If there is any conflict of interest perhaps it's appropriate to disclose it.
 
I'm in similar situation to OP (kinda).

What are good websites to get started in investments?

I have so far invested in a couple of multi-asset type growth funds, as ISAs, through Fidelity. Good idea? What else would you recommend?

:)
 
Do you mind telling us what qualifies you to give better advice than the rest of us? Do you hold any academic or professional qualification related to finance or asset management or is it purely down to your personal studying of the subject?

If there is any conflict of interest perhaps it's appropriate to disclose it.

Over the past few months I have been, unwillingly I might add, thrown into the world of investing. I certaindly do not know it all, but I have had to closely look at anything to do with fees inc IT's, hedge funds, direct equity holdings, bonds, guilts, Trusts etc. I do wonder if I know too much now to be honest with you. I wish I knew nothing and just plodded along, but sadly, this isn't how my brain works.

I am not a professional in this field, as as stated constanty, I wish to convey nothing as advice. Merely, I express my thoughts & experiences thus far in a world which delights in hidden charges, fees etc etc
 
I'm in similar situation to OP (kinda).

What are good websites to get started in investments?

I have so far invested in a couple of multi-asset type growth funds, as ISAs, through Fidelity. Good idea? What else would you recommend?

:)

Have a read of trustnet & citywire etc. I'm not going to give specific suggestions.
 
I just find a little worrying to go into active funds, when there is tons of research by pro's that say they hardly ever beat passive funds over the long term. They beat it for 2 years, but loose it again the next.
 
With investments, only invest what you are prepared to lose !
As most these days that guarantee return on capital tend to lock you in for 3-5 years and you get a low return which is of course subject to income tax.
Better off in an ISA !
 
My dad runs some shares frp, some fleet street investment guide. he generally follows these suggestions and so far has done pretty well with the majority of investments...

I on the other hand threw some money at the lucky dip at my local petrol station... now to see who wins?!
 
I don't want to lose it on a high risk thing, it will be saved toward a deposit!
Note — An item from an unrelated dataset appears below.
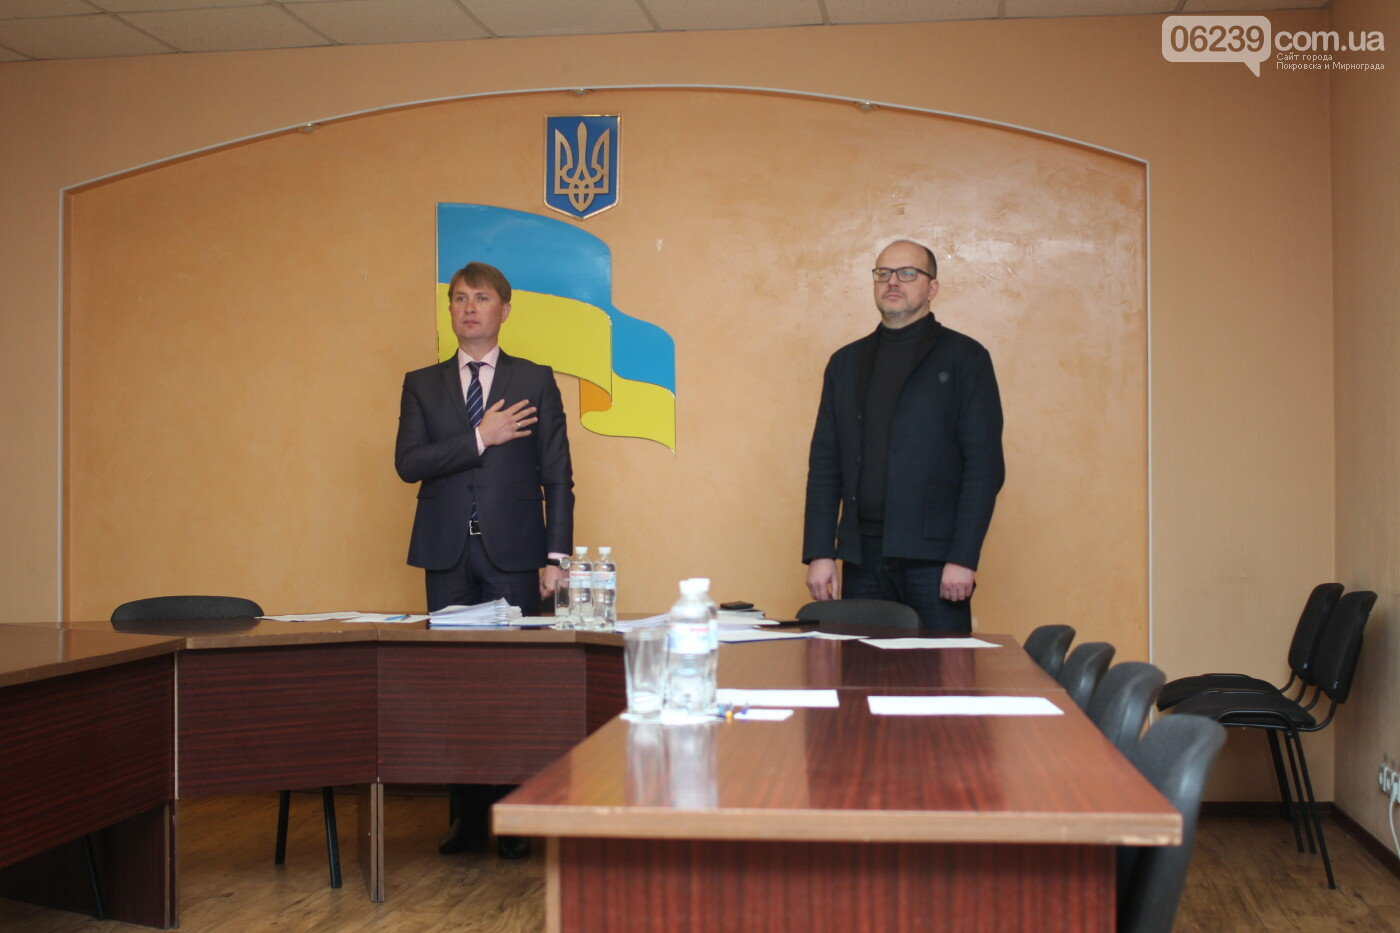 Изменения в бюджете и новый начальник отдела здравоохранения: в Мирнограде состоялась 72-я сессия горсовета, фото-2

But any ideas on what I should do with it?

You've already answered your own question - you don't want to lose it, it will be saved towards a deposit....

Or should I just stick it in a bank for a few years adding to it?

If you're saving it towards a deposit then yes - shop around, find a good ISA - job done.
 
%k is not a lot to invest really, so you can not expect a high return, unless you want to risk the 5k capital on a venture.
That is the problem you have !
So either on E saver a/c which give from 2-3.2% less Income tax, or ISA which I thing average return is 2.5-3%, which is tax free.
Remember you need to keep the 5K in the a/c for a full year to benefit from the ISA return.
 
E Savers are rubbish atm... not even close to 2% think mine got around £3 last year in interest with a not inconsiderable amount in there - I've just moved most of my money into a cash ISA which is about as safe as you can get atm with any kinda return (about 3%).